As Loreto writes, its downfall was also tied up in its mostly white membership’s refusal to prioritize the demands of BIPOC women and to support the organization’s first non-white leader, Sunera Thobani. 

Loreto has also personally paid the price for being a feminist online: In 2018, in the wake of the Humboldt Broncos bus crash, Loreto tweeted that race, gender, and age were impacting the way we were reacting to the tragedy. It led to a months-long, coordinated right-wing dogpile on Loreto that continues, to an extent, to this day. This book talks about that experience, though it doesn’t dwell on it. Still, her analysis is profoundly affected by the seriousness of that experience – which included harassment, doxing, and spurious calls to children’s aid. She writes that because of a lack of organization within the women’s movement, individual feminist voices are forced to weather right-wing harassment as individuals. 

Both critics and cheerleaders of the so-called “hashtag movements” – activist ecosystems that exist entirely on social media – often lack direct experience of them.
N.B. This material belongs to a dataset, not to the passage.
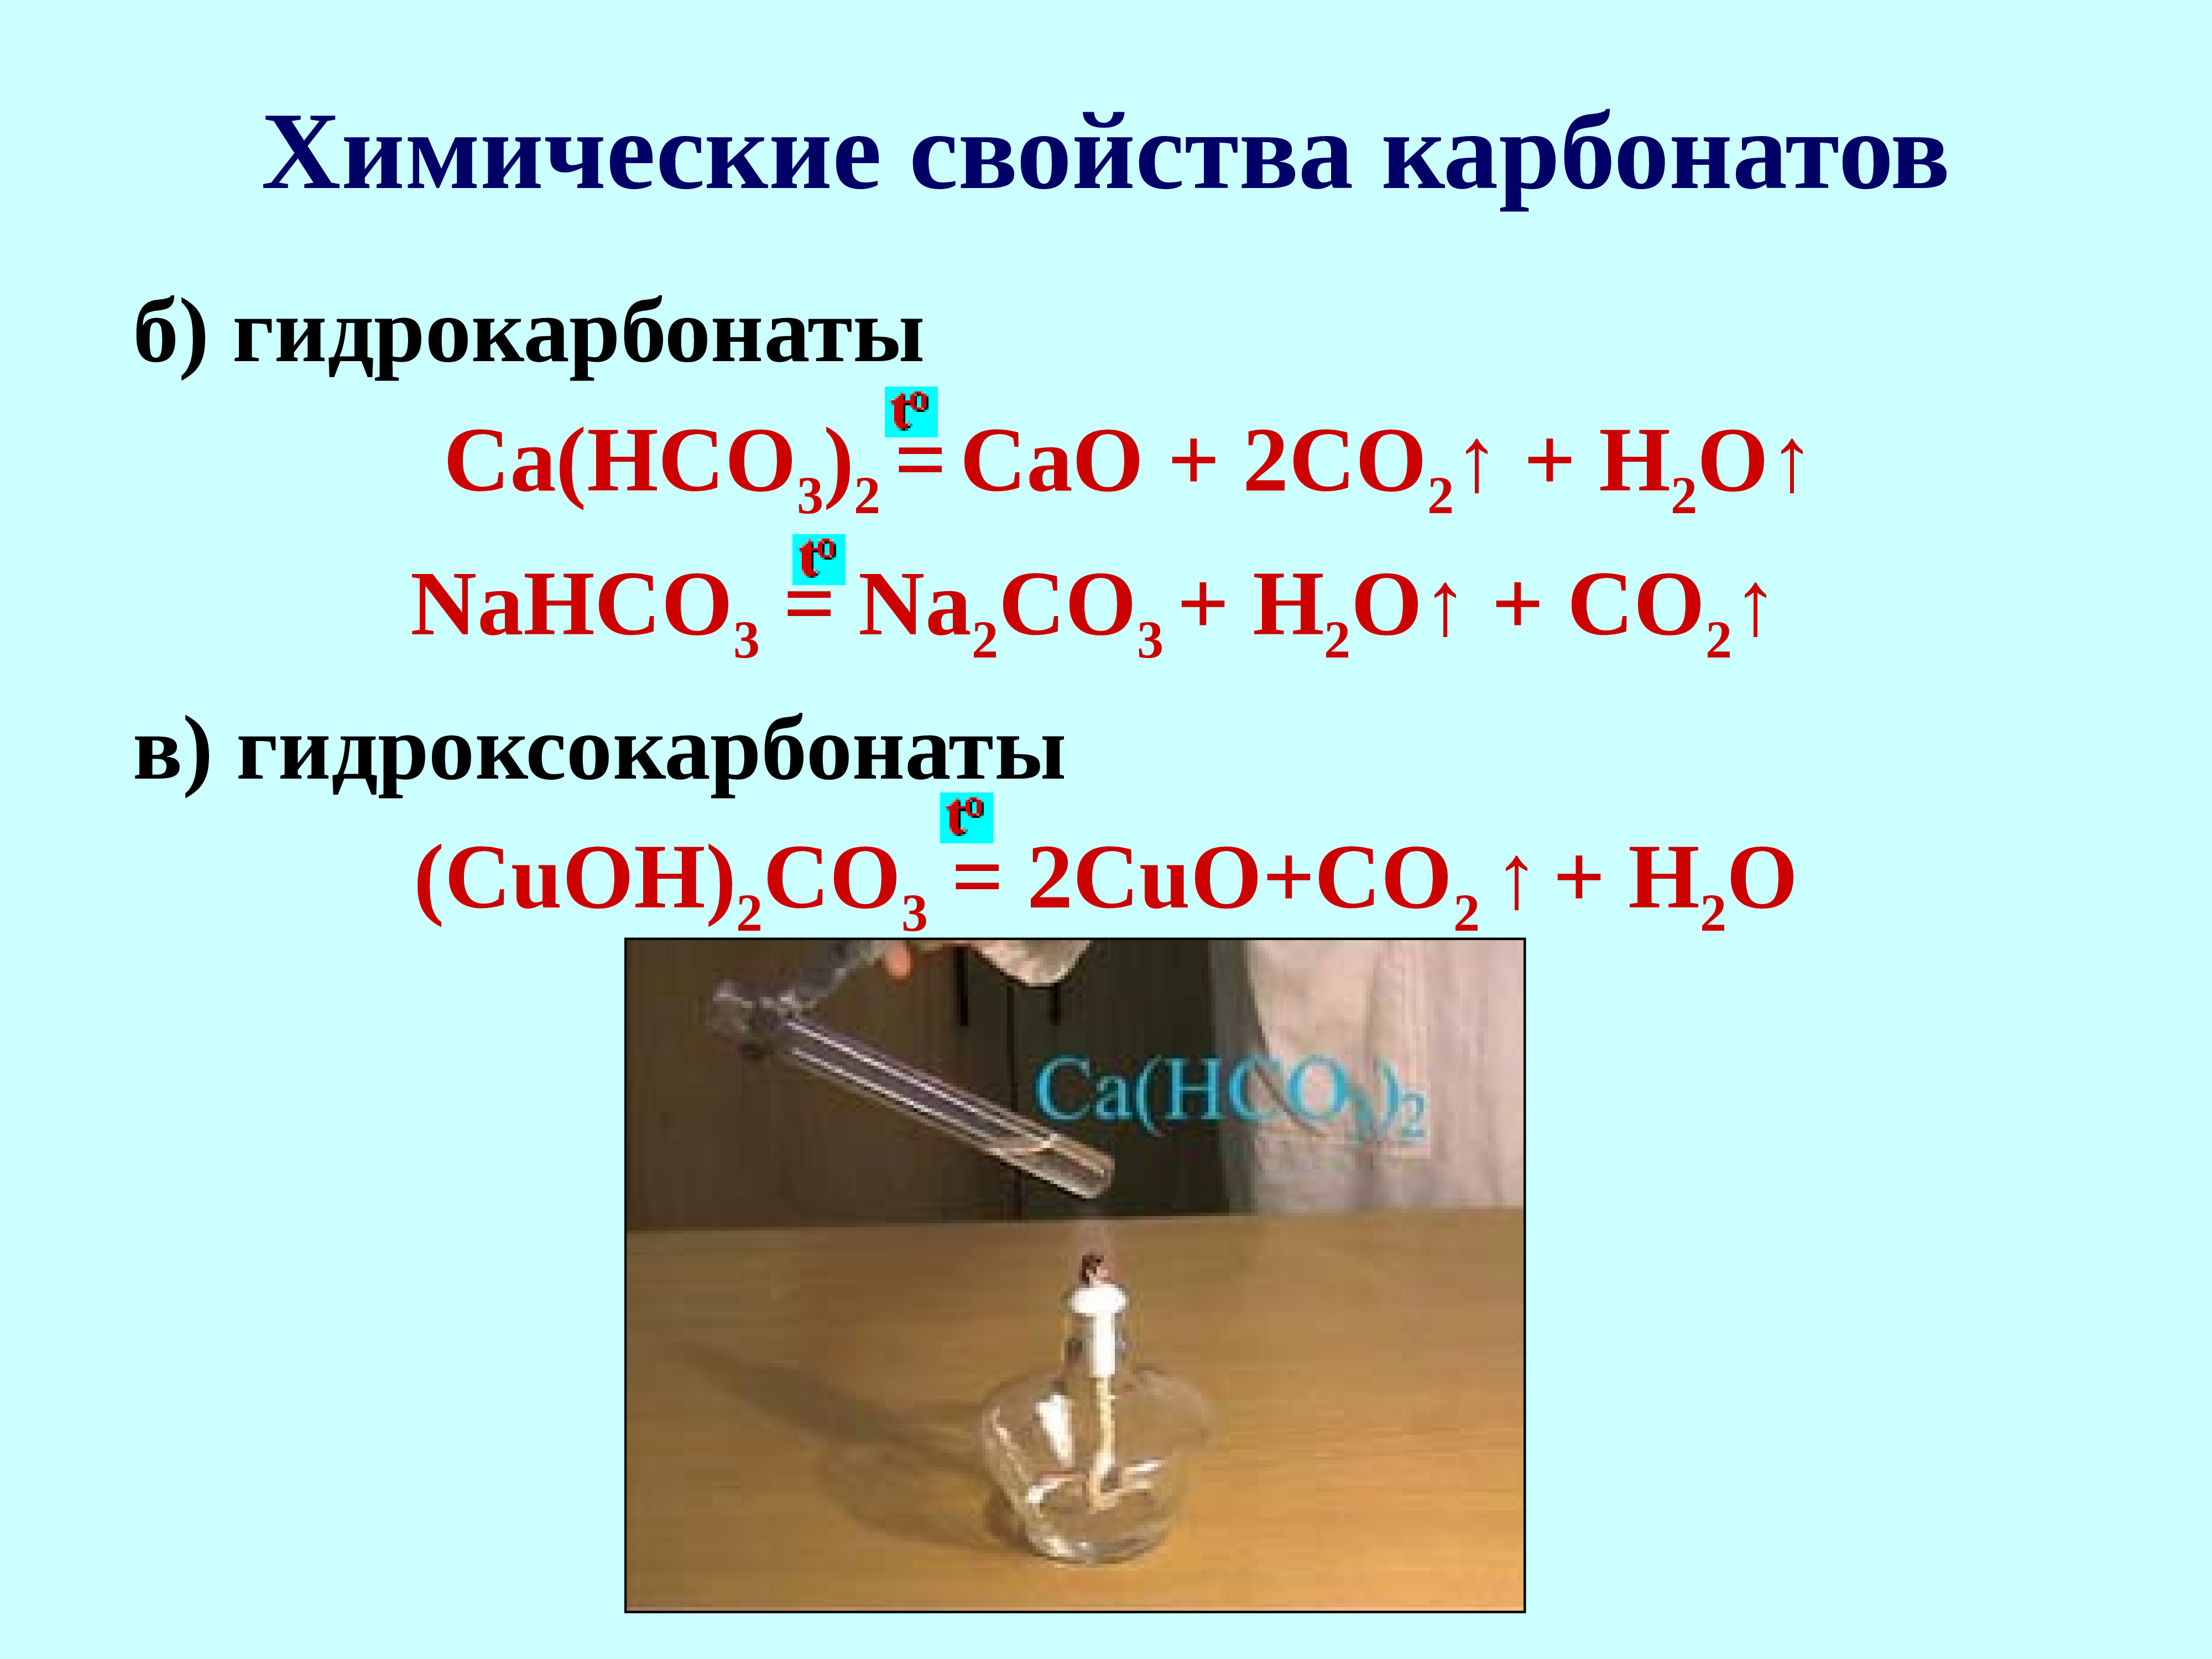 Гидрокарбонат свинца формула. Co2 + карбонат = гидрокарбонат. Химические свойства карбонатов. Получение карбонатов и гидрокарбонатов. Гидроксокарбонат меди(II).

It’s refreshing to read analysis by someone who has been both an on-the-ground organizer and a participant or close observer of the #MeToo, #SlutWalk, #BlackLivesMatter, and #PrintempsErable movements. 
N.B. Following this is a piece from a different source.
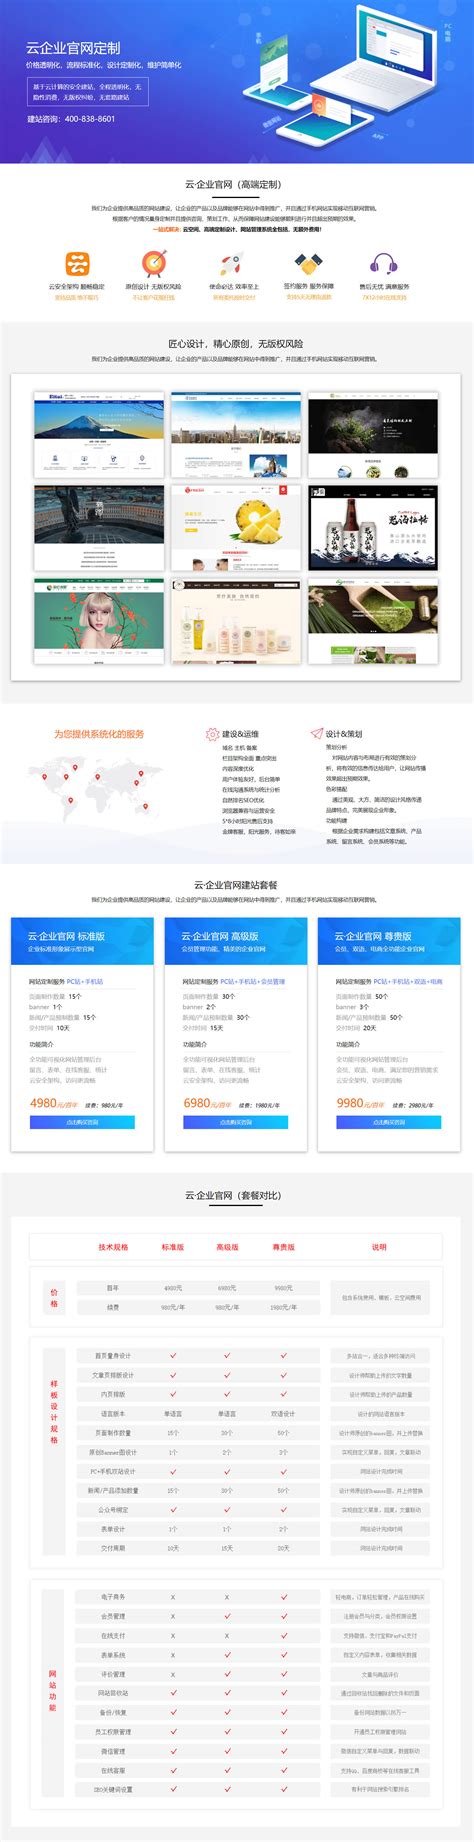 杭州网站设计公司价格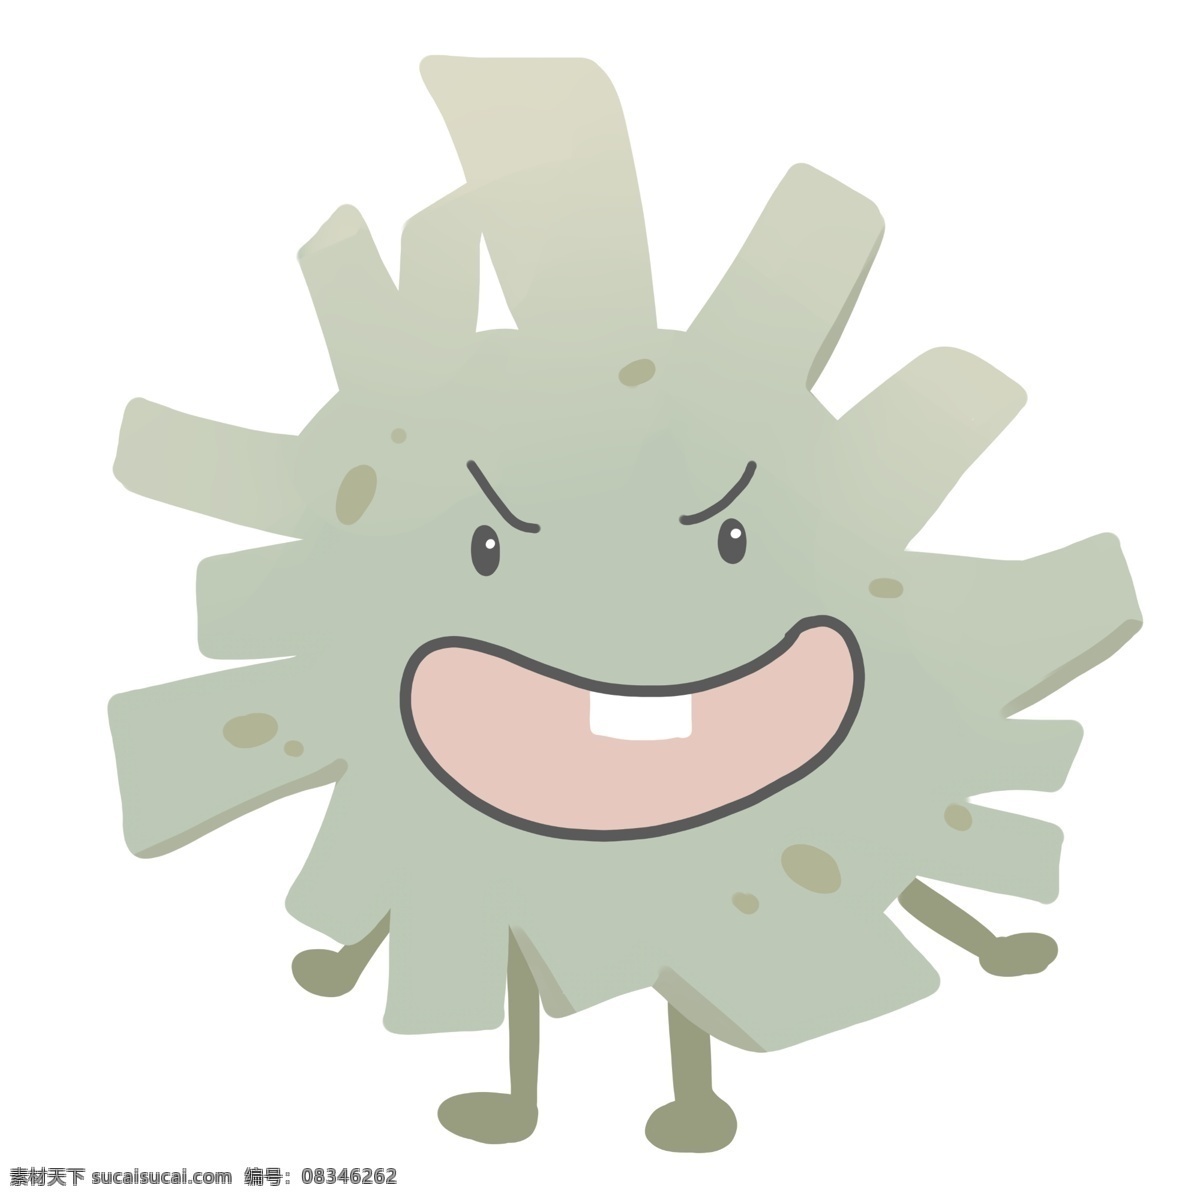 龅牙 蓝色 细菌 插画 白色的龅牙 有害细菌 卡通插画 细菌插画 病菌插画 有益细菌 浅蓝色的细菌

She points out that some of these movements (like #BLM and #PrintempsErable) were actually complex interactions between on-the-ground organizers and supporters on social media – an insight that is critical to her observation that while online feminism should continue, it needs to be supported by offline, face-to-face organizing. Feminism needs member-based organizations that can outlast individual waves of protest, with the ability to hold meetings and events, launch campaigns, and have branches in different cities and neighbourhoods. This would create spaces for debate, allowing for the movement to respond to new and local challenges.

Feminism needs member-based organizations that can outlast individual waves of protest, with the ability to hold meetings and events, launch campaigns, and have branches in different cities and neighbourhoods.
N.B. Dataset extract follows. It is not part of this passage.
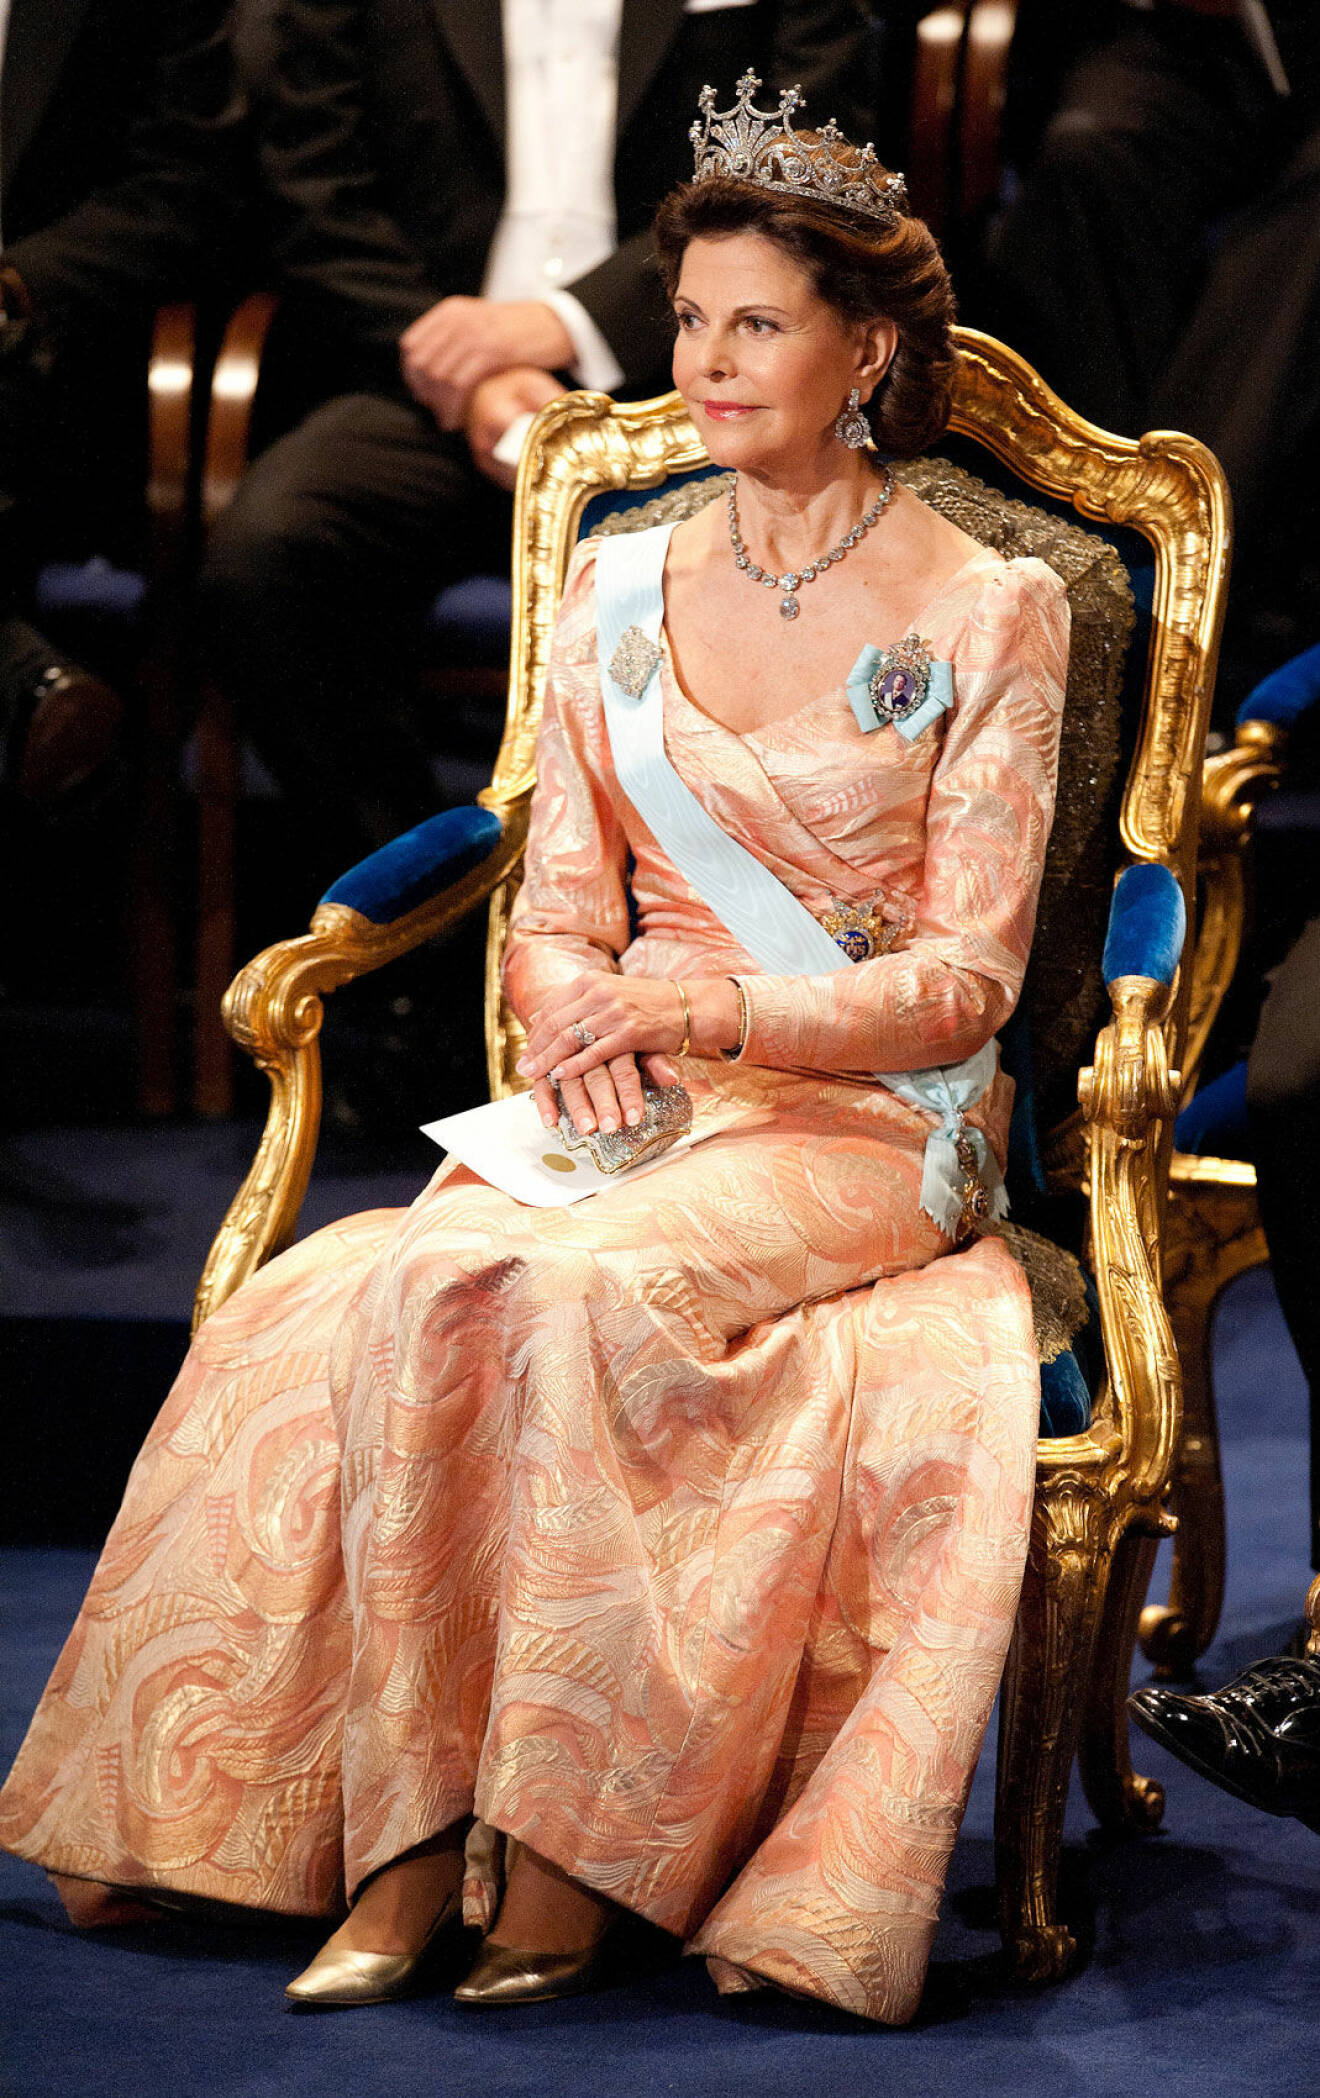 2011 återanvände drottningen den klänning som hon bar vid galaföreställningen i konserthuset kvällen före kronprinsessans bröllop 2010.

She offers various political organizations and campaigns that can serve as a model for not just the feminist movement, but for labour and other movements struggling to adapt to the digital age. For example, she writes about the creation of Quebec’s publicly subsidized child care system, long the envy of parents across the country for its low fees. The system was created through lobbying by feminist and community groups, people taking direct action by starting their own child care centres, and it was eventually implemented by a Parti Québécois government. 

Perhaps most importantly, Loreto argues that “feminism that doesn’t challenge the status quo cannot successfully dismantle patriarchy. In Canada, this status quo includes white supremacy and a class system that firmly entrenches racialized social inequality.” She traces how part of the failure of the New Left women’s movement to build institutions that would endure was the movement’s inability to go beyond the white supremacist and eugenicist roots of early Canadian feminism. She cites present-day leaders like Harsha Walia of the B.C. Civil Liberties Association and Sandy Hudson of Black Lives Matter – Toronto (her collaborator on the Sandy & Nora podcast) as feminists who fully integrate anti-racism and decolonization into their work. Loreto writes, “This understanding of feminism must form the basis for a new regrouping of feminists, one that seeks to understand feminism in relationship to racism, that understands colonialism and land dispossession as being fundamental to the modern construction of Canadian identity.”